Over the last two decades, $2.6 billion has been funneled out of Pennsylvania state coffers through the school voucher tax credit programs that give tax breaks to corporations donating to private or religious schools. State records show that the largest beneficiary of the school voucher tax credit programs is a company led by the state’s richest man and prolific school privatization advocate, billionaire Jeff Yass. Entities led by billionaire Susquehanna International Group co-founders Jeffrey Yass, Joel Greenberg, and Arthur Dantchik, with addresses at the SIG headquarters, made up the top 3 beneficiaries of the tax credit from 2017 to 2023. During this time period, the three entities registered to these billionaires received tax credits worth $30.6 million from the Educational Improvement Tax Credit (EITC) and the Opportunity Scholarship Tax Credit (OSTC) programs, meaning they got 90% of the $33.98 million they contributed back in tax savings.
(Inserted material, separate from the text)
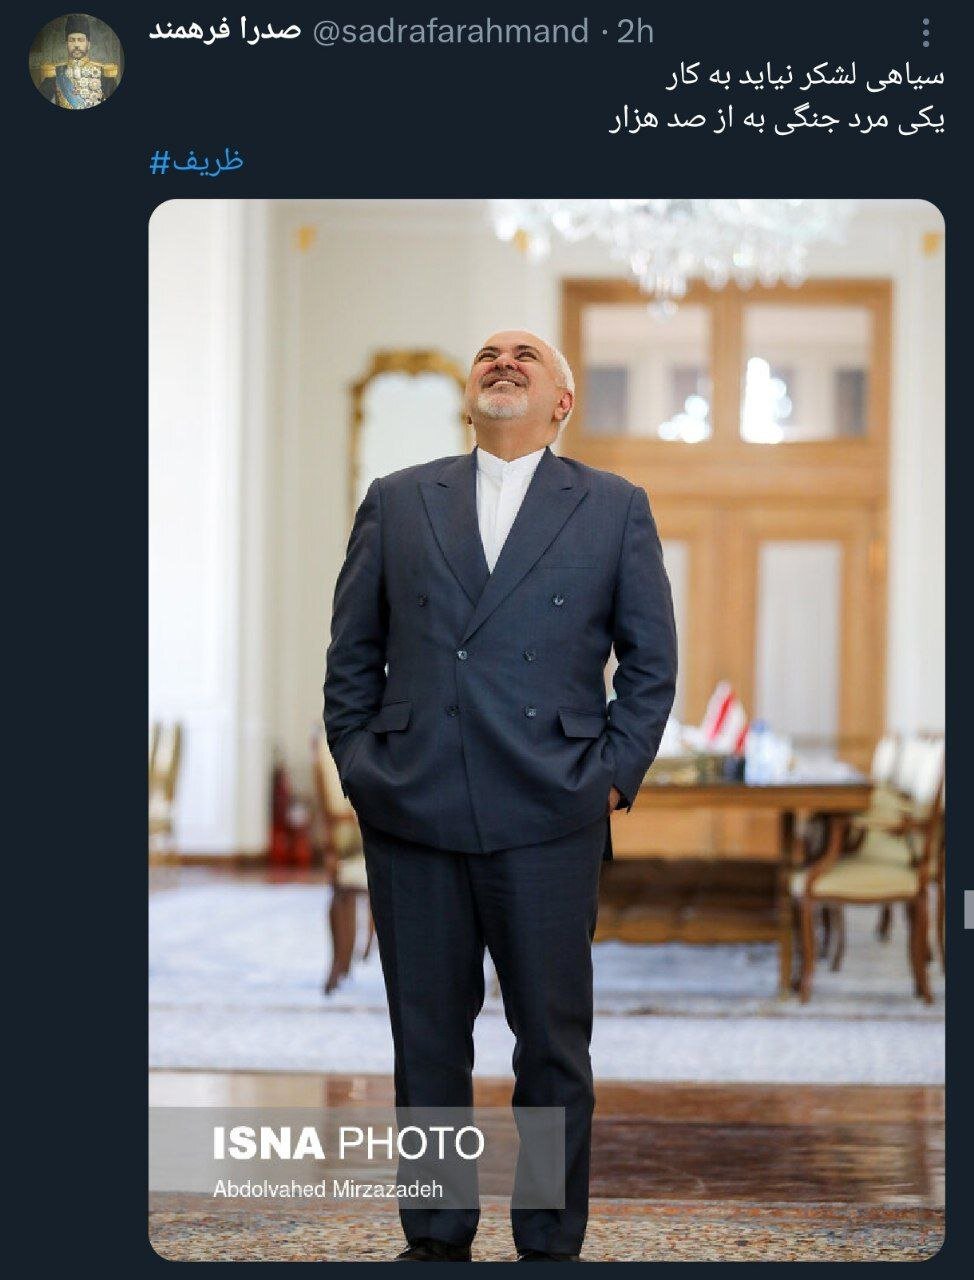 زلزله توئیتری ظریف /او در ۵ دقیقه از روی گفتمان «کاسبان تحریم» با غلتک رد شد /یکی مرد جنگی به از صد هزار

In addition to the tax credit, these programs have been associated with a practice called “triple dipping,” where it is possible for some but not all donors to profit as much as 27% from their school voucher contributions by using their contribution to lower their state and federal tax liability– effectively generating a tax savings larger than their donation. We do not know if the entities led by Jeffrey Yass, Joel Greenberg, and Arthur Dantchik have engaged in “triple dipping” or were eligible to do so.
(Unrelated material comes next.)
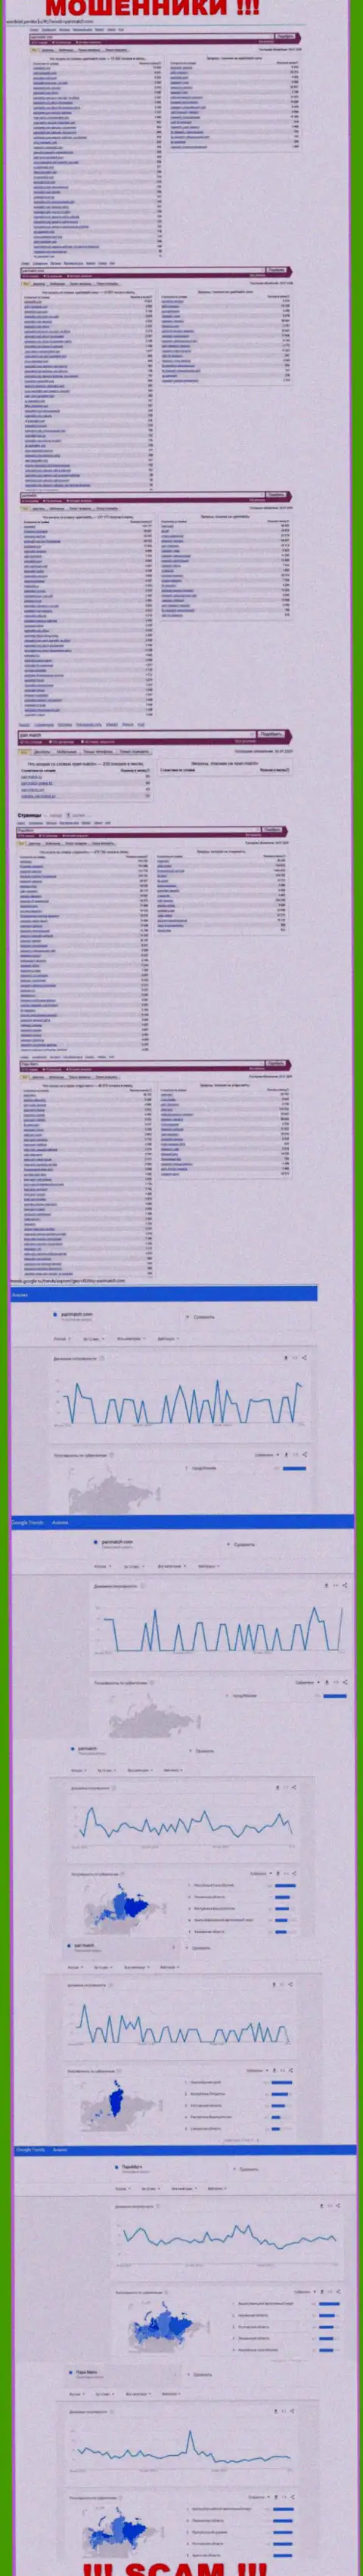 Количество поисковых запросов в поисковиках всемирной сети internet по бренду мошенников ПариМатч

Funding allocated for these scholarship tax credits has grown exponentially since their inception. The Educational Improvement Tax Credit (EITC) grew from $160 million in 2018 to $540 million in 2025, while the Opportunity Scholarship Tax Credit (OSTC) grew from $50 million to $90 million in the same time period. On the other hand, spending on basic public school education has only kept up with the rate of inflation. The exponential increase in school voucher tax credits occurred at the same time as Jeffrey Yass’s increased political spending in Pennsylvania. He went from spending just a few million per year on elections in 2018 to spending more than $35 million in the 2024 election.
These expensive tax credit programs must be reexamined, particularly as they could be giving some wealthy donors the opportunity to profit from their donations in a time when public education investment lags far behind need. Eliminating the EITC and OSTC can save the state $630 million annually, and provide crucial investments in underfunded schools.